[pudre de pèrlêpêpê] (gr. n. PHARMA.)
Devant m, b, p, le n devient m. Sauf : bonbon, bonbonne, bonbonnière, embonpoint, néanmoins. D’accord c’est loin, ça date du CE2, époque désormais surannée, mais admettez que ça résonne encore comme un comptine. Devant m, b, p, le n devient m. Devant m, b, p, le n devient m.
Mais voilà : on ne vous a pas tout appris.
Il est une exception supplémentaire qu’on a voulu cacher, trop insurrectionnelle sans doute car propre à faire vaciller les fonts baptismaux (et les fonds de pension) de la pharmacopée moderne et de ses poudres et onguents ! Oui, amis, il n’est point de mots trop forts pour dénoncer le sort réservé à la poudre de perlimpinpin.
Pourtant calquée sur le bonhomme embonpoint qui respecte la règle une fois sur deux avec son m devant son b et son n refusant la mutation en m alors qu’il campe devant un p, la poudre de perlimpinpin s’est vue exclue de la liste des exceptions.

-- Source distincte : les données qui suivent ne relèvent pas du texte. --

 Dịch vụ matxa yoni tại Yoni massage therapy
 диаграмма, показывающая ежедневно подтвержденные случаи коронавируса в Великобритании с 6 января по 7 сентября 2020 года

Demandons-nous pourquoi. Pourquoi cette expression qui pointe du doigt bonimenteurs palabreurs et charlatans d’antan avec leurs poudres guérisseuses de tous les maux s’est-elle vue recalée par la grammaire assujettie aux mains des dominants ? Et pourquoi la sage langue populaire a-t-elle souhaité en contrepoint lui conférer une place de choix ?
C’est qu’elle dérange la poudre de perlimpinpin avec son arrogance moqueuse qui résiste aux ordonnances de remèdes miracles, aux crèmes anti-rides censées faire passer une femme pour sa fille, aux progrès des emplâtres thaumaturges qui clament que c’est vous qui le valez bien (et que vous allez donc le payer, en espèces sonnantes et trébuchantes).
La poudre de perlimpinpin s’est à coup sûr construite autour d’une poudre jetée aux yeux du premier des pinpins, c’est à dire du crédule, lui promettant guérison, retour de l’être aimé, bonne fortune et bon cœur, et tout ce qu’il voudra puisqu’il peut tout gober. La poudre pour les pinpins devient donc, dès le XVIIᵉ, la poudre de perlimpinpin, bonne à tout faire et mauvaise en tous effets.
Très loin de la première pharmacie que le malade trouvait à Bagdad, en 754, la poudre de perlimpinpin va se répandre en France, le gogo abusé se chargeant après coup de la réputation de l’arnaqueur patenté la lui ayant baillé belle. Et comme le mensonge qu’il soit apothicaire, politique, amoureux, affairiste, se porte bien, la poudre de perlimpinpin fait elle aussi son chemin.
La mise en coupe réglée de m, b, p et l’exclusion de perlimpinpin du nombre des exceptions dans l’école obligatoire de Jules Ferry auront raison de la poudre de perlimpinpin. Son utilisation flétrit comme son deuxième n se refuse à devenir un m. C’est bien dommage car en modernité nous aurions pu continuer à en faire bon usage, les solutions miracles et abracadabrantesques¹ ne semblant pas manquer.